A proposta também deve contemplar a tributação dos fundos fechados exclusivos usados para investimentos dos super ricos. O sistema de come cotas para a cobrança antecipada do Imposto de Renda dos ganhos em aplicações de fundo de investimento, que é semestral, deverá passar a ser anual. Os investimentos de renda fixa terão uma alíquota uniforme de 15%.

O projeto ainda permitirá a possibilidade de atualização de bens imóveis com uma alíquota reduzida no Imposto de Renda. Atualmente, não é possível atualizar o preço do imóvel de acordo com o valor de mercado na declaração. Só no momento da venda, o contribuinte paga uma taxa (entre 15% e 22,5%) sobre a diferença entre o preço de quando foi comprado e o valor pelo qual o imóvel foi vendido, o chamado lucro imobiliário.
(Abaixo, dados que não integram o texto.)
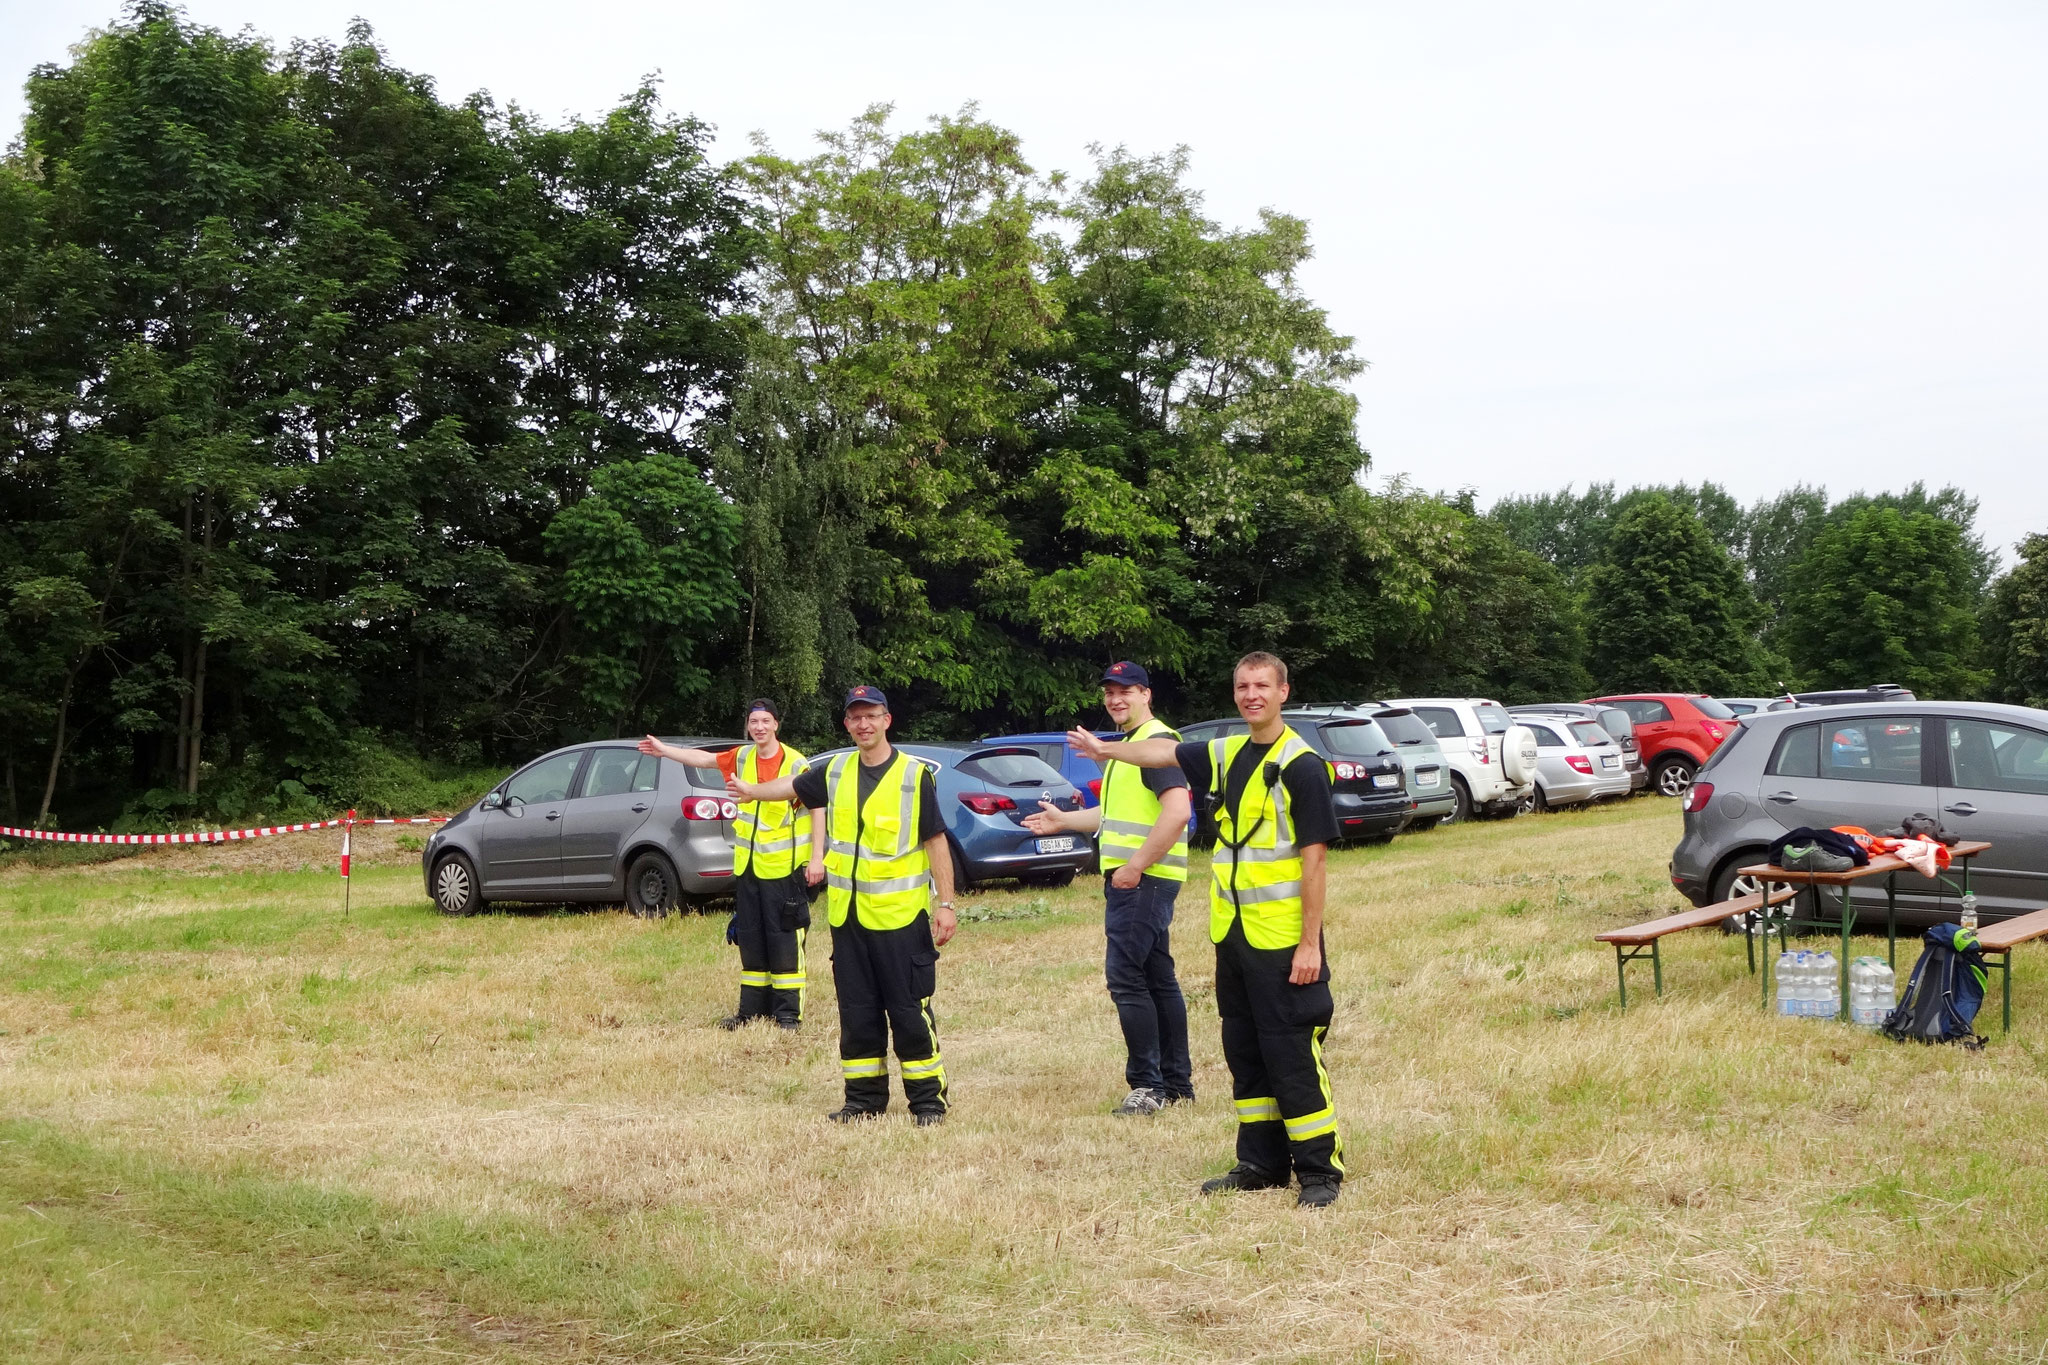 Die Feuerwehr war für die Parkplätze verantwortlich Bild: Dietmar Nikelat

O que muda no Imposto de Renda

Pessoa física

O governo deve aumentar a faixa de isenção de R$ 1,9 mil para cerca de R$ 2,5 mil. Todos os contribuintes, até quem ganha mais de R$ 2,5 mil, são beneficiados. As alíquotas não são cobradas integralmente sobre os rendimentos. Quem ganha R$ 4 mil por mês, por exemplo, não paga 22,5% sobre toda a parte tributável do salário. Hoje, os "primeiros" R$ 1.903,98 são isentos. É esse valor que deve subir para R$ 2,5 mil.

Empresas

A alíquota do IRPJ vai cair de 25% para 20%. Haverá um escalonamento de dois anos: 2,5 pontos no primeiro e a outra metade no segundo ano. A alíquota da CSLL, que também incide sobre o lucro, de 9%, não será alterada.

Lucros e dividendos

A distribuição de lucros e dividendos, remuneração que os acionistas recebem pelo capital investido na empresa, não é tributada desde 1995. A proposta fixa uma alíquota de 20% e define uma faixa de isenção de R$ 20 mil por mês (ou seja, até esse valor, o investidor não pagará imposto). Hoje, as companhias de capital aberto (com ações na Bolsa), são obrigadas a distribuir pelo menos 25% do seu lucro líquido.

Juros sobre Capital Próprio

É uma forma de as empresas remunerarem seus investidores que pode ser abatida como despesa fazendo a empresa pagar menos IR. A ideia é acabar com esse mecanismo. Assim como os dividendos, os juros sobre capital próprio nada mais são que a distribuição dos lucros de uma empresa de capital aberto (que tem ações na Bolsa) aos seus acionistas. No entanto, neste caso existe a cobrança de 15% de Imposto de Renda sobre esse valor. Esse imposto é retido na fonte, ou seja, recolhido à Receita Federal antes de ser distribuído.